» What you are asked to do: Your answer should hold exactly the lines beginning with the one that contains "Suzuki Swift 2015" and ending with the last line of the material, both included. Leave every picture out.

» Source data:
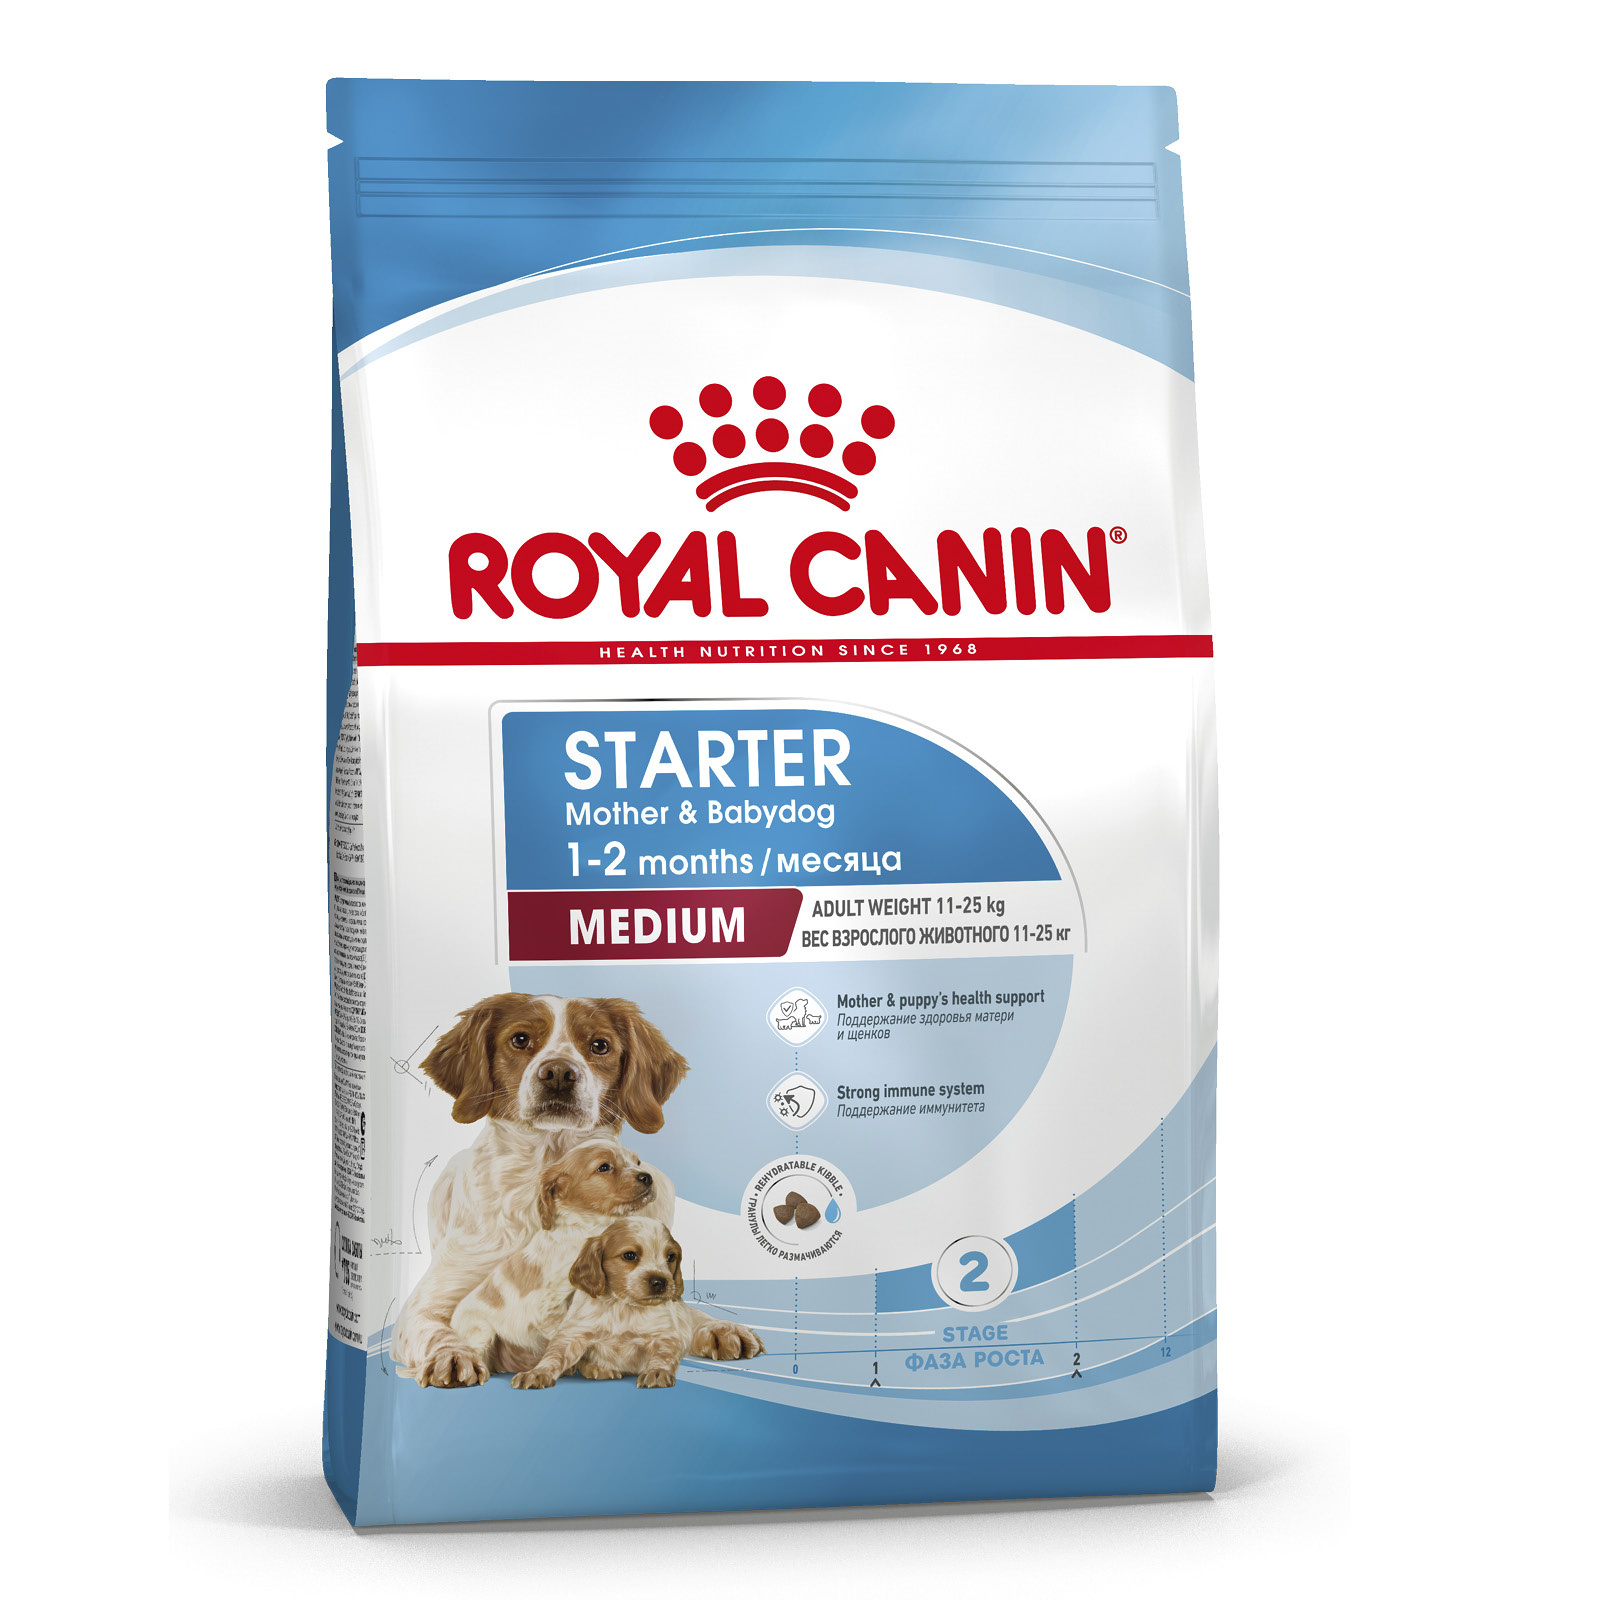 Royal Canin Корм Royal Canin для щенков средних пород от 3 недель до 2 месяцев, беременных и кормящих сук (4 кг) royal canin корм royal canin для щенков крупных пород от 3 недель до 2 месяцев беременных и кормящих сук 4 кг
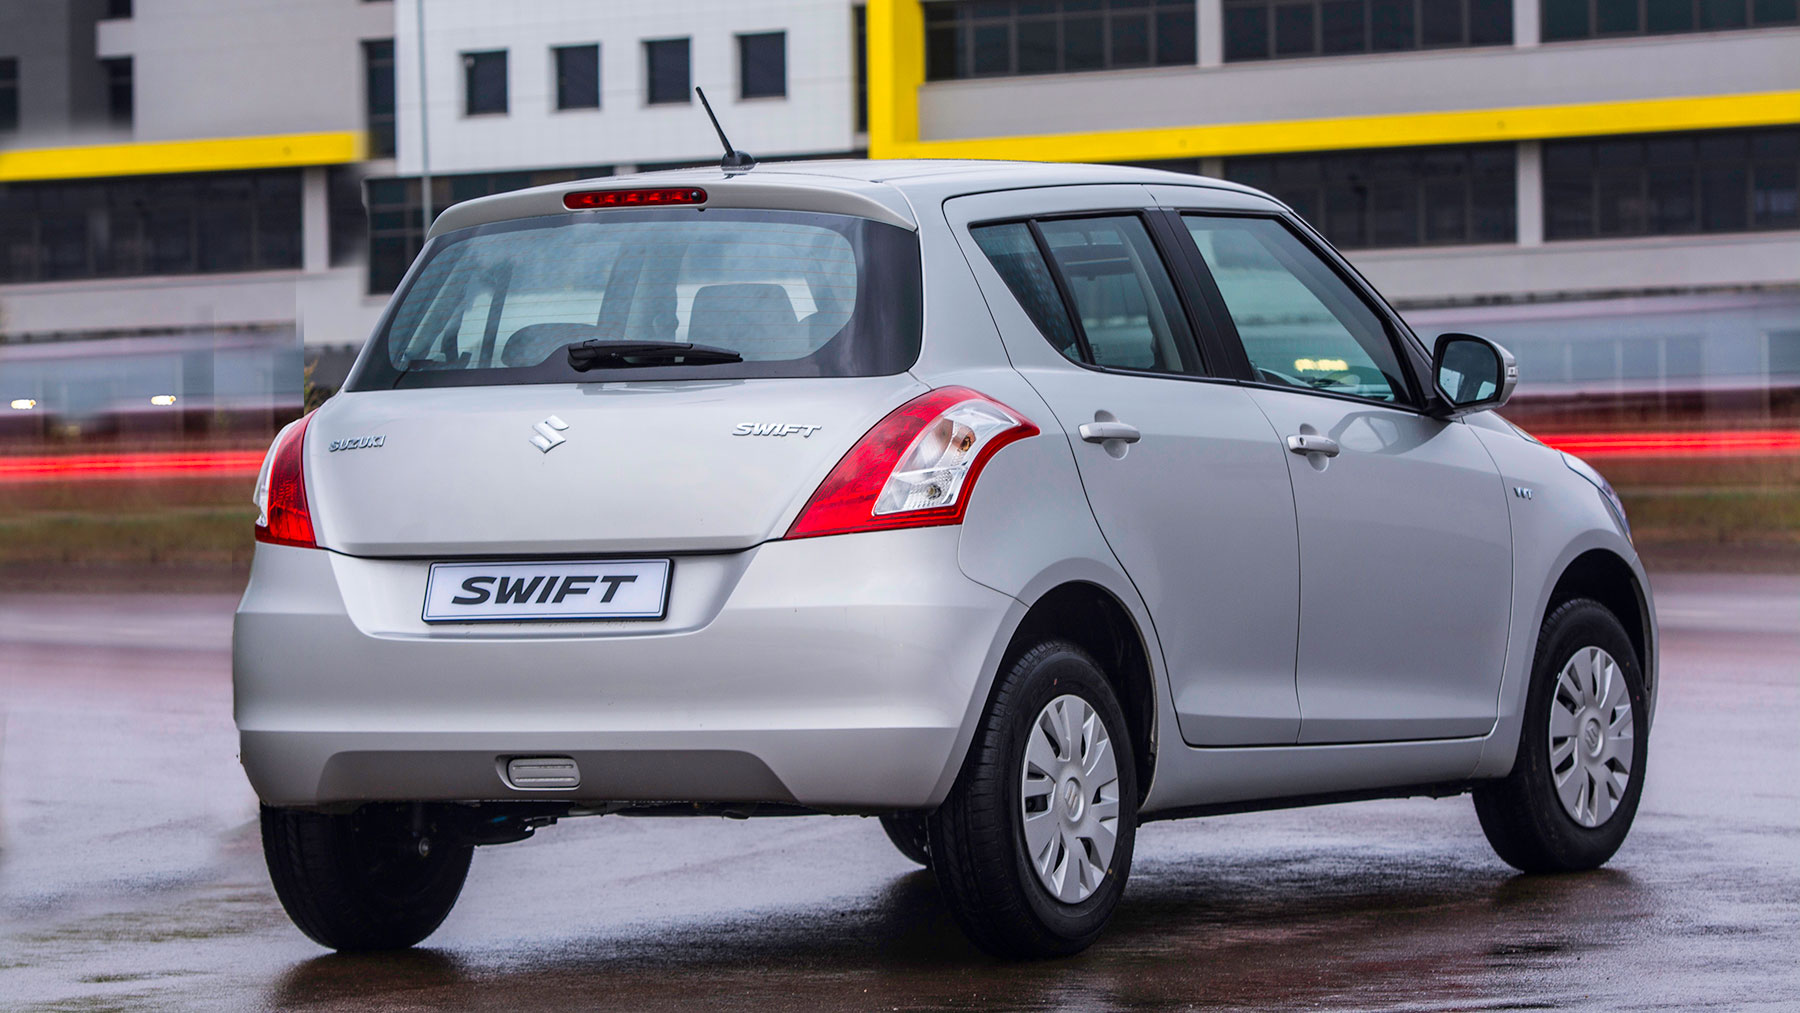 Suzuki Swift 2015 juvenil, moderno y a precio competitivo
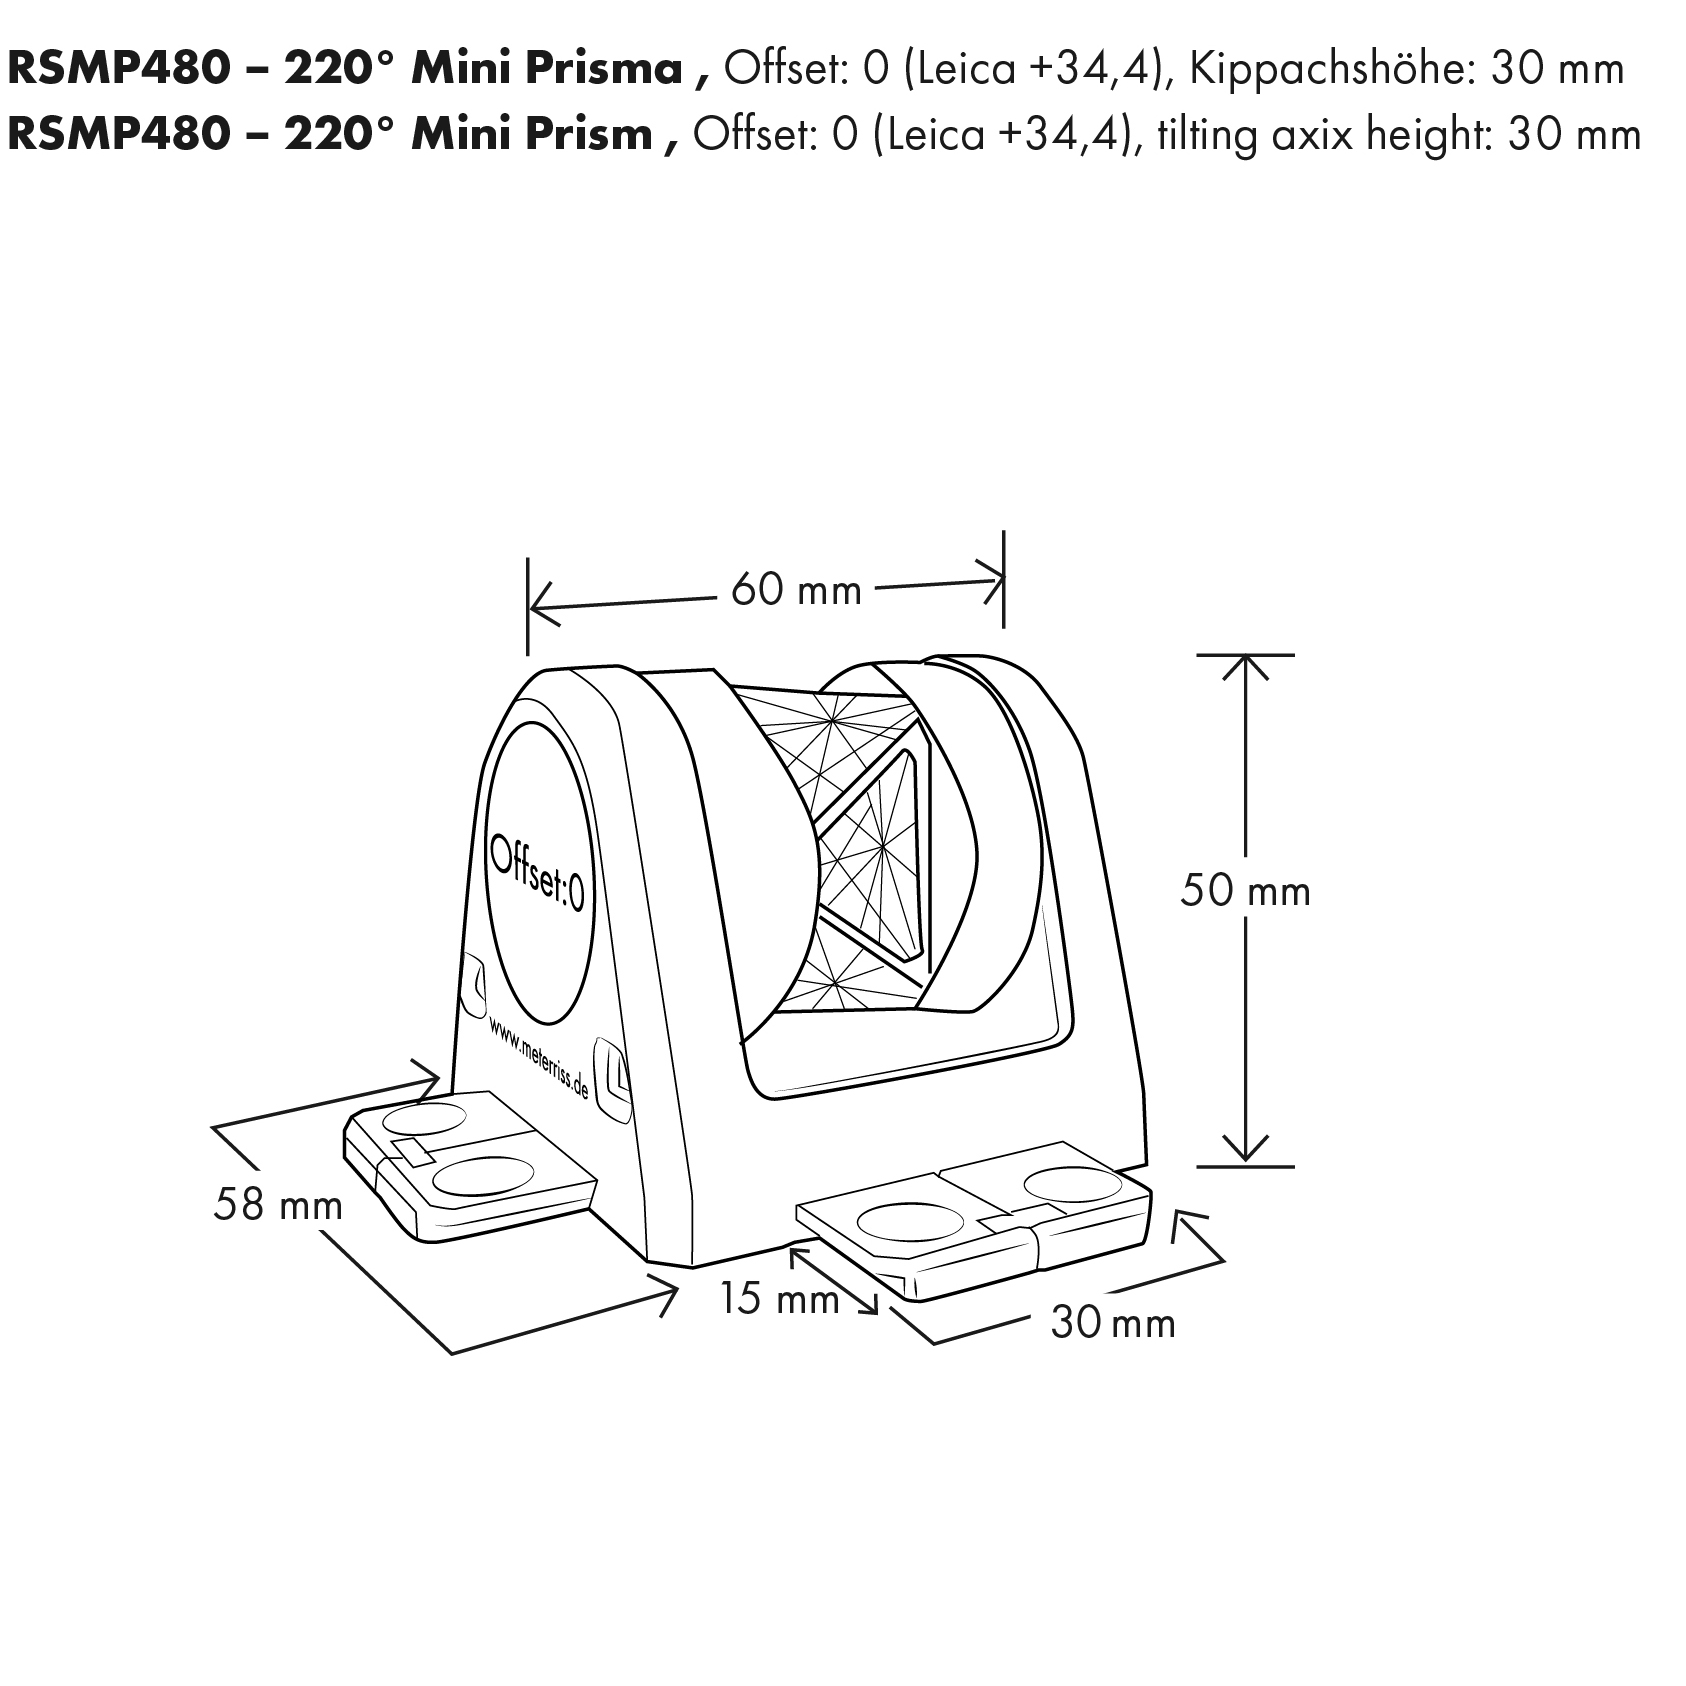 RSMP480 - 220° Mini Prisma, kupferbeschichtet, von Rothbucher Systeme

» Completed task:
 Suzuki Swift 2015 juvenil, moderno y a precio competitivo
 RSMP480 - 220° Mini Prisma, kupferbeschichtet, von Rothbucher Systeme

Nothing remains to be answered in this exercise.